Based on a systematic investigation into the defining parameters, sheets of 18 mm thickness with fibres mainly in longitudinal direction  have been used for the pavilion. Cuts within the sheets influence the bending resistance of the sheets, enable a larger spatial enclosure  and reduced wind load acting upon the structure, and additionally produces a shadow pattern on the stairs that are used as seating area  during summer time. Varying the length of the sheets generates small variations of the bending curve that have been utilized for the  overlapping and interlocking of adjacent elements resulting in a system of self-stabilizing vaults. The vaults are cross-braced by a  sequence of cables. These cables distribute all other load conditions evenly within the edge strips, and so reduce additional deformation of the arched form to a minimum.

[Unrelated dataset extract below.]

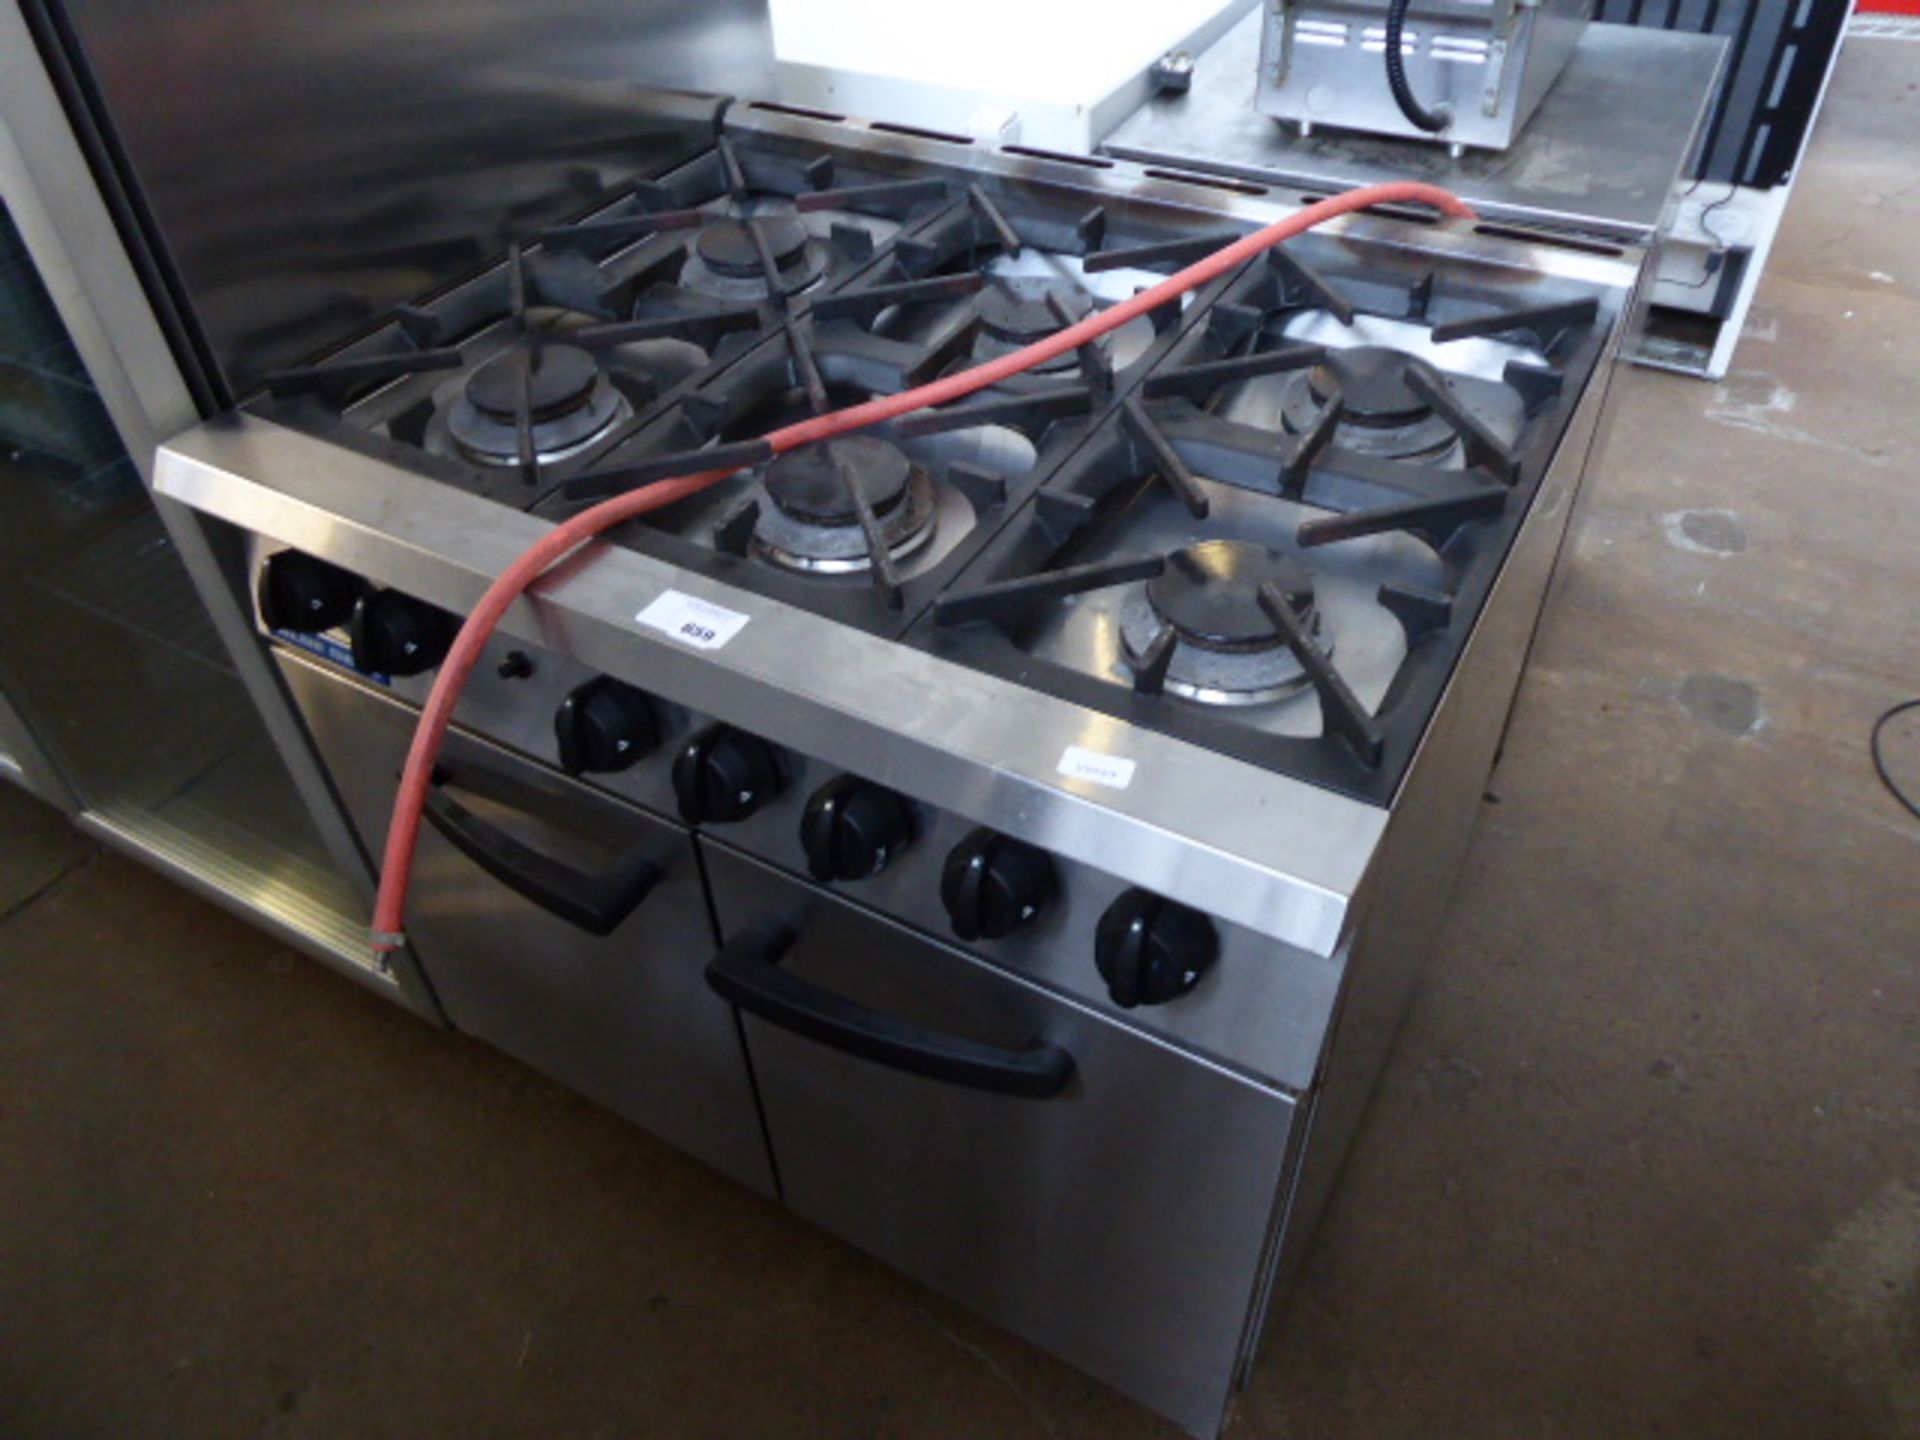 90cm LPG Blueseal 6 burner cooker with 2 door oven under

The design refinement as well as details of the construction and fabrication process of the pavilion have been worked out by a design  team of EmTech-students. The initial design idea derived from the winning entry of a competition team during an internal design competition  within EmTech. In addition, the work of the design team has been informed by material test and design studies conducted during a workshop of all EmTech students at the ETH. In general, precedents to this field of work commence with the work of Alvar Aalto and Charles Eames in  plywood, and the techniques of scoring, cutting and bending to achieve curvature have been established in a variety of materials in jewelry  design, surface ornamentation, paper and other craft practices, as well as in airplanes and boats. Recent contributions include Skylar  Tibbits’ Surface Ornamentation at the MIT – Massachusetts Institute of Technology (2008), and The Probotics of the AA DRL - Architectural  Association Design Research Laboratory (2010).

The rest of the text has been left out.